PINKERTON’S CEDES ARCHIVES TO LIBRARY OF CONGRESS

WESTLAKE VILLAGE, Calif.
Published: September 19, 2000

In late spring 2000, movers appeared at Pinkerton’s U.S. Security Corporate headquarters to begin packing up the company’s archives, covering 1850-1938, for transport to its new home at the Library of Congress. The value of the archive is estimated by the Library as about $1 million, and includes 195 binders on criminal investigations, a large collection of photographs, biographical information on founder Allan Pinkerton and his sons, William and Robert, promotional materials and canvassing papers, among other items.

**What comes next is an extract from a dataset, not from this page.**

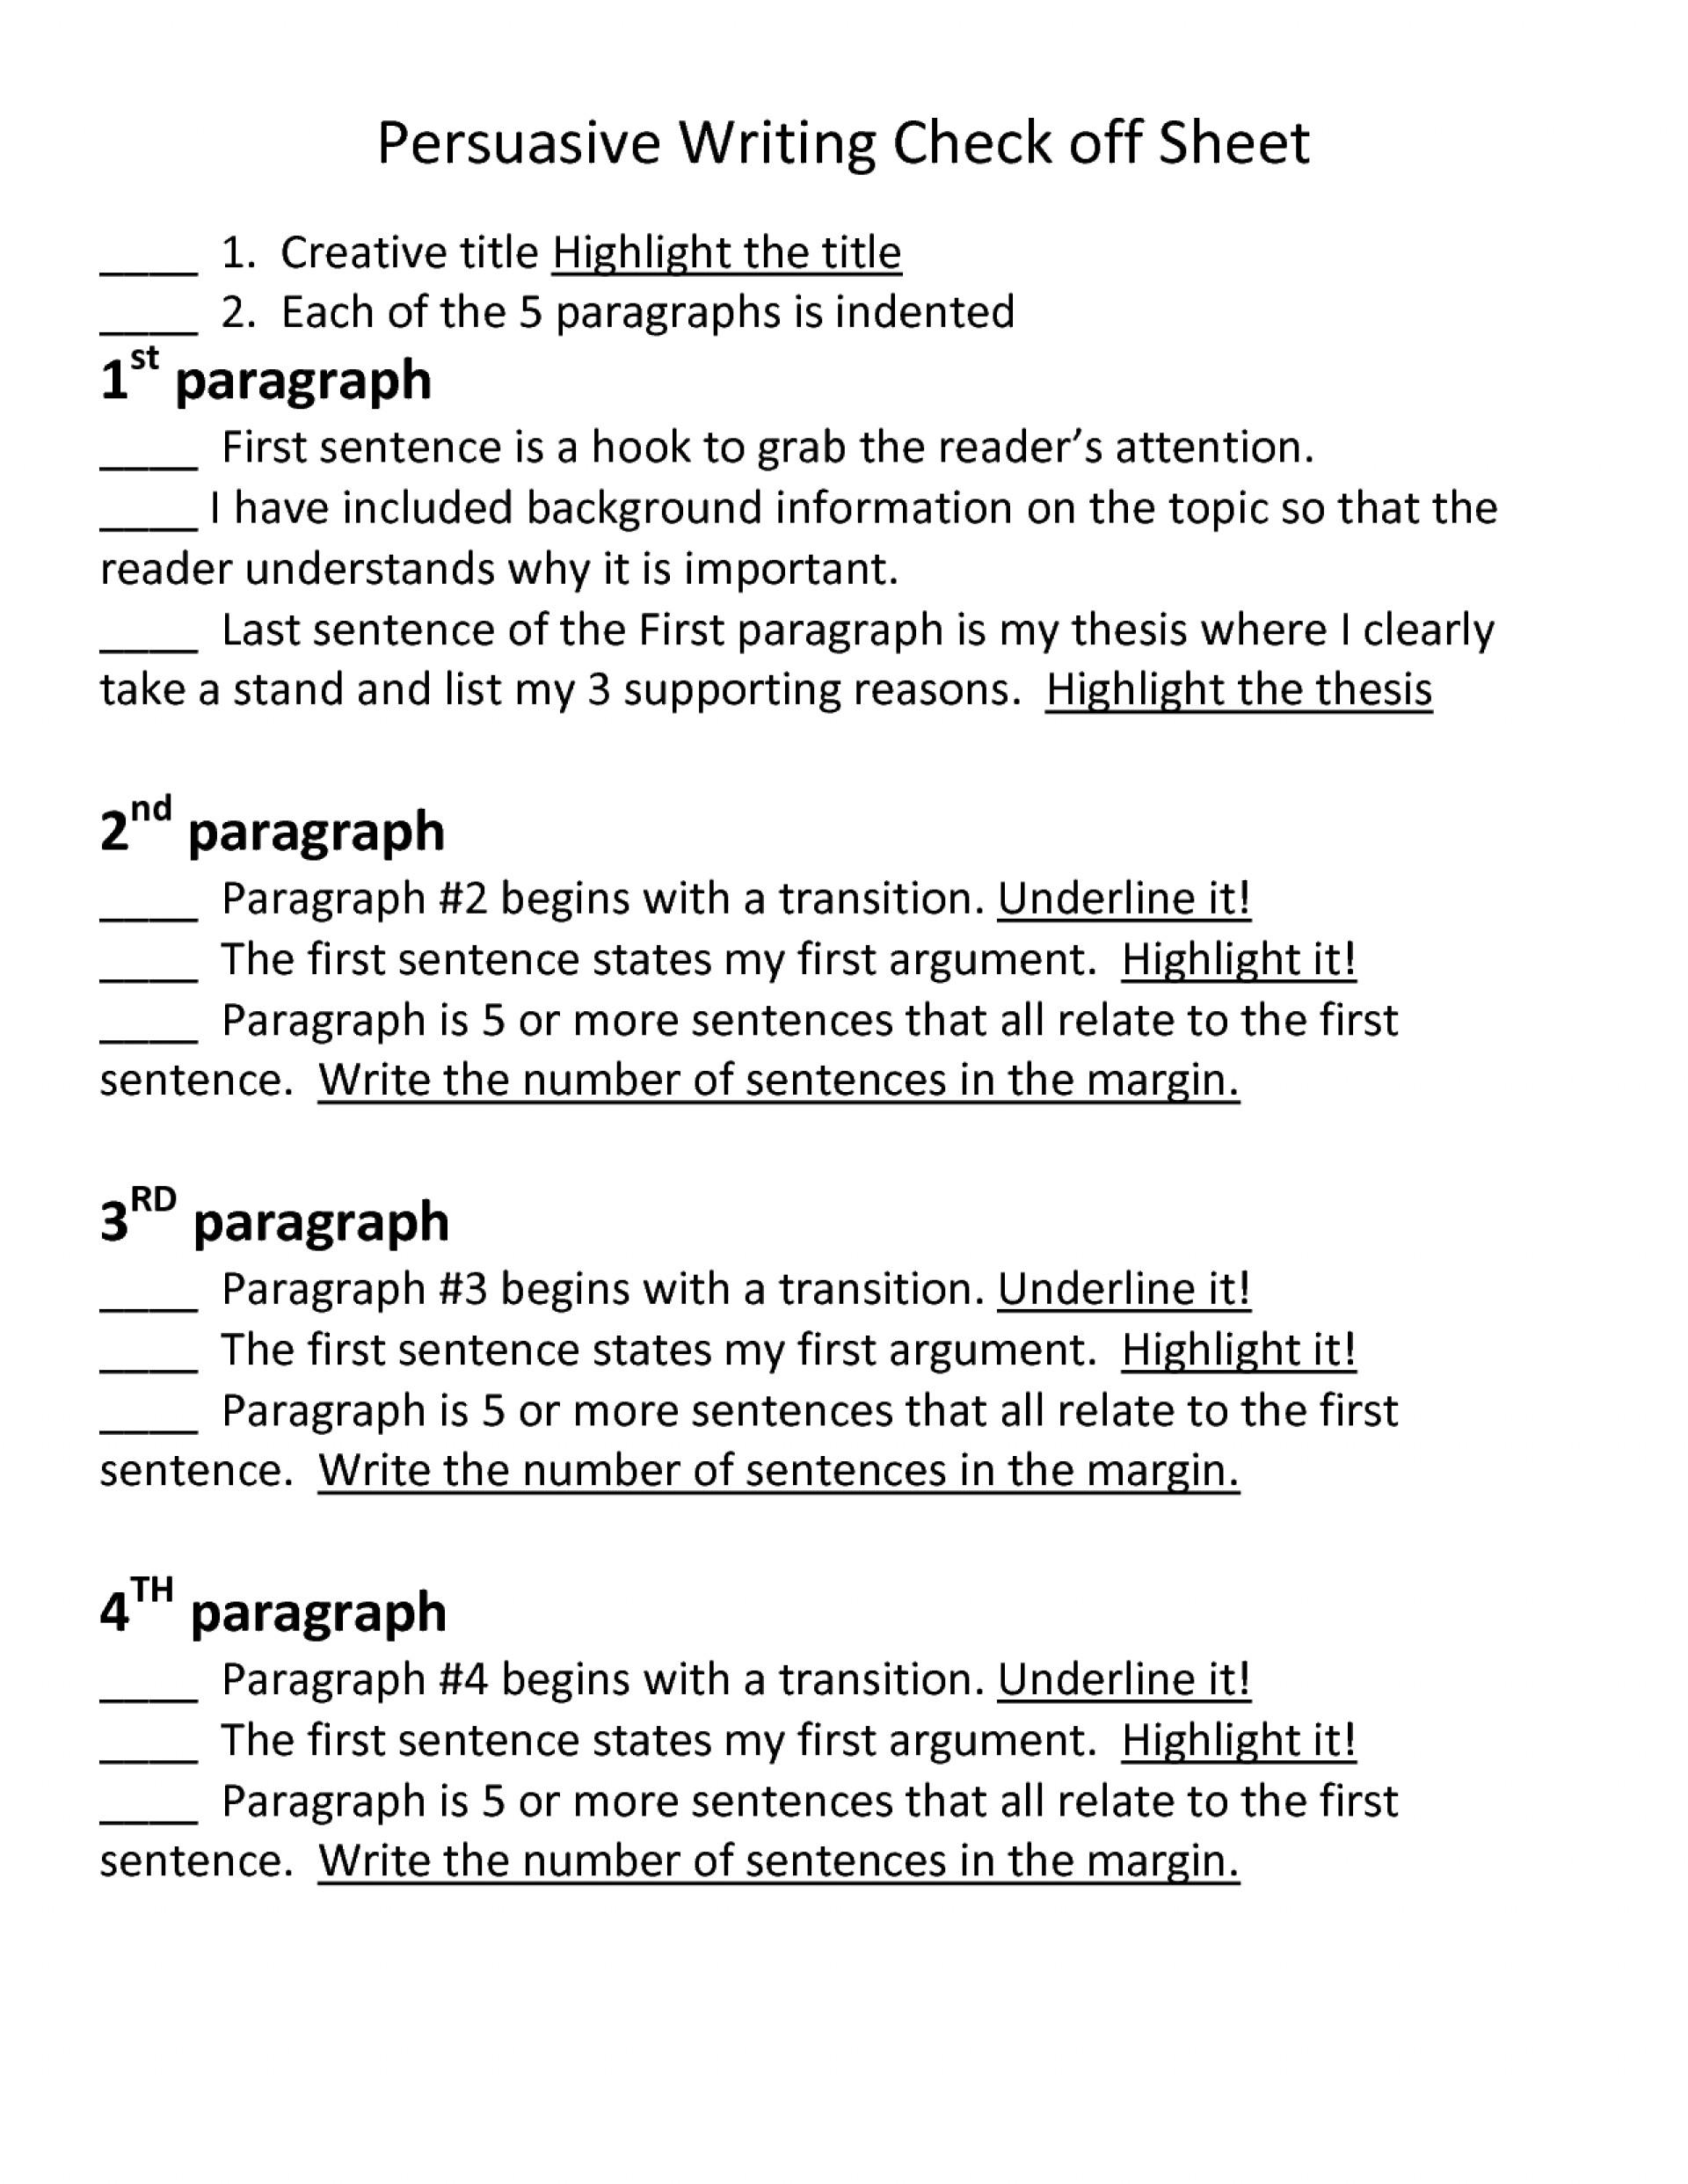 008 Paragraph Essay Example Top 3 Writing Narrative Sample 1920

Highlights of the archive, which was added to the Library’s Manuscript Division (which already held nine volumes of the company’s Civil War correspondence), include: an 1862 photo of Allan Pinkerton with President Abraham Lincoln and General John McClernand after the Battle of Antietam; and a 1901 studio photograph of Harry Longbaugh, better known as the “Sundance Kid,” and his girlfriend Etta Place. Pinkerton later cropped the images of Place and Longbaugh and reproduced them separately in “wanted” posters. Pinkerton’s President Don Walker says, “We are honored that the Library of Congress considers our archives to be of historical significance. We have always believed that Allan Pinkerton began what became a great legacy to this country when he founded the Agency in 1850.”